Researching Physical Activity

Our research in Active Lifestyles specialises in two areas, identifying the impact of becoming - or sustaining already being - active and the impact of interventions aimed at encouraging the uptake of physical activity.

Our work spans the lifecycle and our current portfolio shows the range of locations where our work is placed. Here we give four examples of the many physical activity promotion projects recently undertaken by our 20+ active research staff.

In the SW Essex Playgrounds of the 21century project, Prof. Jim McKenna investigated the impact of playground modifications on break time behaviour of pupils. Class teachers identified that the modifications generated an increase in break-time physical activity in the equivalent of four pupils in every class of 28. This increase in break time activity was also reported by independent observers who were sent to 15 randomly selected schools. Given concerns for growing rates of childhood diabetes and problematic classroom behaviour, and the positive effects that physical activity has for handling both of these issues, this clearly justifies the £3.1m investment in the playgrounds. At a population level, this level of change would outstrip any previous attempt at creating positive behaviour change in young people.
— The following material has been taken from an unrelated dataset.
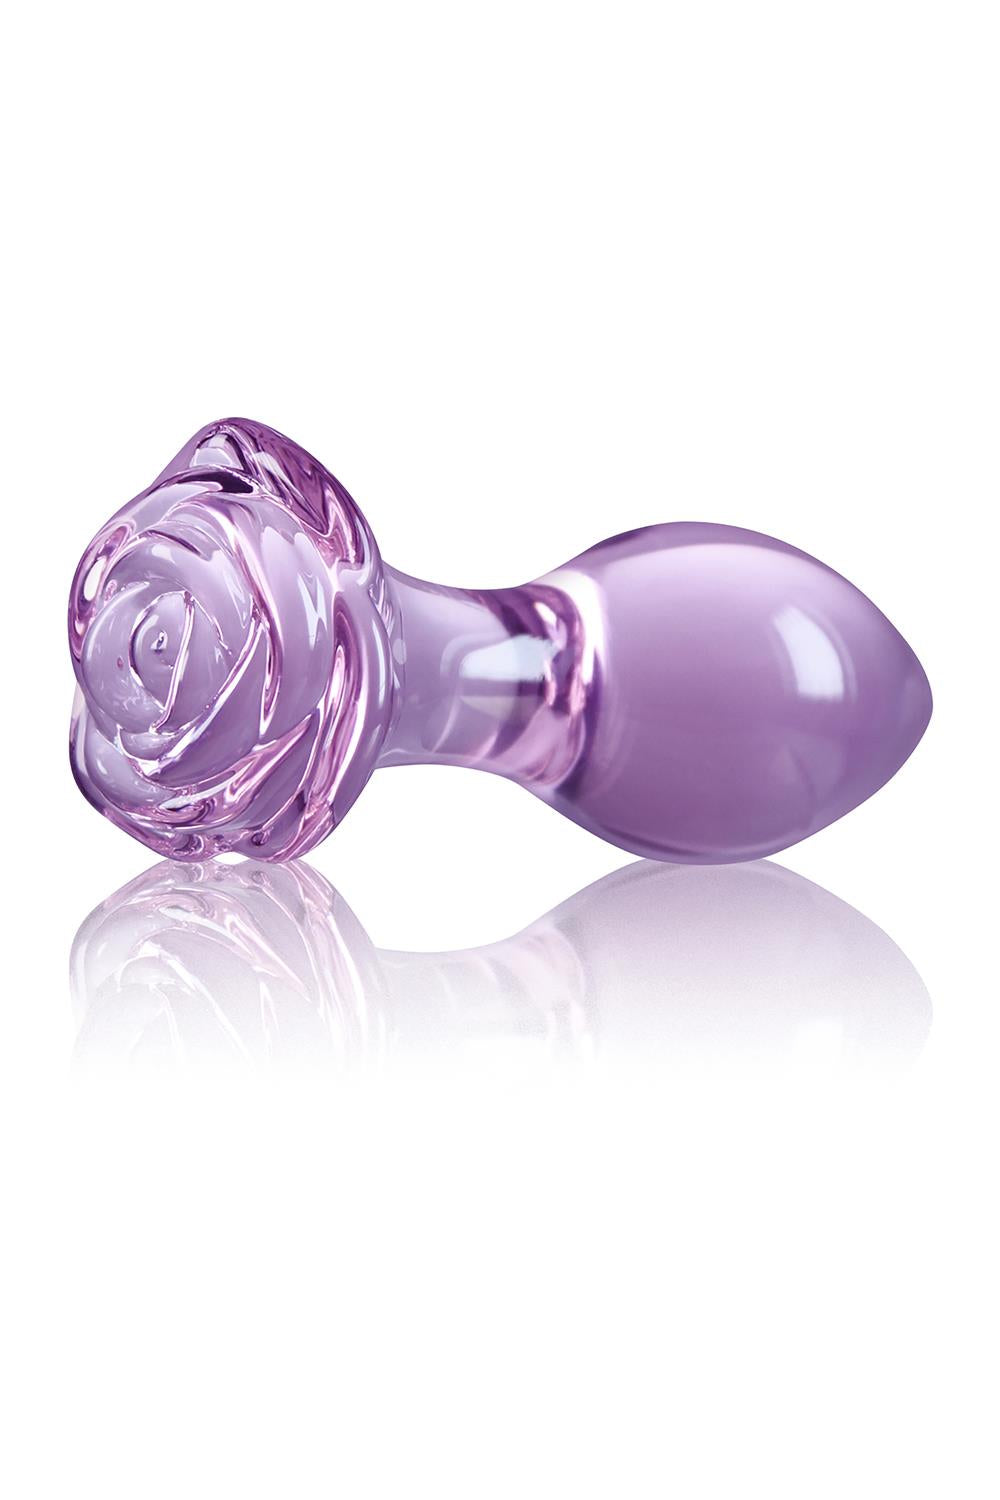 Crystal Rose Purple

Our three-year community-based project on the Derby City Council ‘b-active’ project has recently concluded, supported by Profs. Jonathan Long and Jim McKenna. Within our partnership with ‘b-active’, we were involved with developing the child-centred, community-wide interventions that we felt would increase involvement in physical activity. The evaluation outcomes are important for two reasons. First, ‘b-active’ is one of the few explorations of community-level change. Second, it revealed an almost 10% increase in the proportions of children and young people (in years 6, 8 and 10) achieving at least 60 minutes of moderate-to-vigorous physical activity per day. During this work the independent Audit Commission ‘Corporate Performance Assessment’ (February 2009) repeatedly identified our contribution as central to the council’s designation as ‘Excellent’. The positive outcomes were central to Derby City Council being awarded substantial subsequent government funding to continue with this work. Other work has investigated the effects of interventions encouraging walking-while-working among university employees. This has been as part of the International Universities Walking Project (IUWP), initiated at Leeds Beckett (Profs. Jim McKenna and Carlton Cooke) and now centred on University of Queensland, with old boy Dr. Nick Gilson. IUWP now involves 10 universities from across the globe and has become one of the main sources of data, publications and research proposals regarding work-based physical activity promotion.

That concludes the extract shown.